§ **Data to examine**
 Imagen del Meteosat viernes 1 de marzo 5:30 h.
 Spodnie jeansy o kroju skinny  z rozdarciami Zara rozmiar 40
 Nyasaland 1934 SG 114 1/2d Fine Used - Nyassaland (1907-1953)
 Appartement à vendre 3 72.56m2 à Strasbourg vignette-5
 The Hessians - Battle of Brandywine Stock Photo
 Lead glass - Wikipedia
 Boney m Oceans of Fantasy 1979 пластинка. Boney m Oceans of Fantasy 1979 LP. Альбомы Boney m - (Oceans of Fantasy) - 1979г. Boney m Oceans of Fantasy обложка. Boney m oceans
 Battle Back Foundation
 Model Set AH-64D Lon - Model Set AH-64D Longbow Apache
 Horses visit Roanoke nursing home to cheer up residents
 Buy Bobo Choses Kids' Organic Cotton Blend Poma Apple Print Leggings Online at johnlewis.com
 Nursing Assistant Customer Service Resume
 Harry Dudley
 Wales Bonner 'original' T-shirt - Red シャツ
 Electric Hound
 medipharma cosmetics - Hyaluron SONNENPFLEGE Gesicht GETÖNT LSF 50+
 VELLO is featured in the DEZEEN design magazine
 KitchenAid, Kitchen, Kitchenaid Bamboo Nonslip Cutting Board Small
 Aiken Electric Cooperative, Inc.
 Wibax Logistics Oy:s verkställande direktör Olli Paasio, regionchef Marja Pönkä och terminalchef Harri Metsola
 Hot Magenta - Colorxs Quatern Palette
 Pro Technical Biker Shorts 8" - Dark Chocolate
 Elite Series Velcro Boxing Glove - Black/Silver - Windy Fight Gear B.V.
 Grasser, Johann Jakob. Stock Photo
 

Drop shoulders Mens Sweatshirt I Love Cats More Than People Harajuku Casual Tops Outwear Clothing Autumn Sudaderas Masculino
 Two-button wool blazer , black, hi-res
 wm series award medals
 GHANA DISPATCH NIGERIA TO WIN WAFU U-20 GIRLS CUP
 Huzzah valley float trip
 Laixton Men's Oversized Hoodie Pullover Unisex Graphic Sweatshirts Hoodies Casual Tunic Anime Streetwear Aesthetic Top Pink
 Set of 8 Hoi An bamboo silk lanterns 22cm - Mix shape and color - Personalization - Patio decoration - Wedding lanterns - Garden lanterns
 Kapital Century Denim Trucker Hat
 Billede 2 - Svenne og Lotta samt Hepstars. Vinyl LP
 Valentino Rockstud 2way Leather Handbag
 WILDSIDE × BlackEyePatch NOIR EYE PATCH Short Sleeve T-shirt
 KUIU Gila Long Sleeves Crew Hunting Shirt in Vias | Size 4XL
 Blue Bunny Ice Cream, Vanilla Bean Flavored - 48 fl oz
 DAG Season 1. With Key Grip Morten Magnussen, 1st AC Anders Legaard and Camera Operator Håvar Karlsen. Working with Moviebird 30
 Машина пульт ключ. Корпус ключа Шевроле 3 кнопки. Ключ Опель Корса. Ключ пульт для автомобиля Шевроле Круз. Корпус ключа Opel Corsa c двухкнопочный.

§ **Directions**
Return every line above where "Photo" appears.

§ **Answer below**
 The Hessians - Battle of Brandywine Stock Photo
 Grasser, Johann Jakob. Stock Photo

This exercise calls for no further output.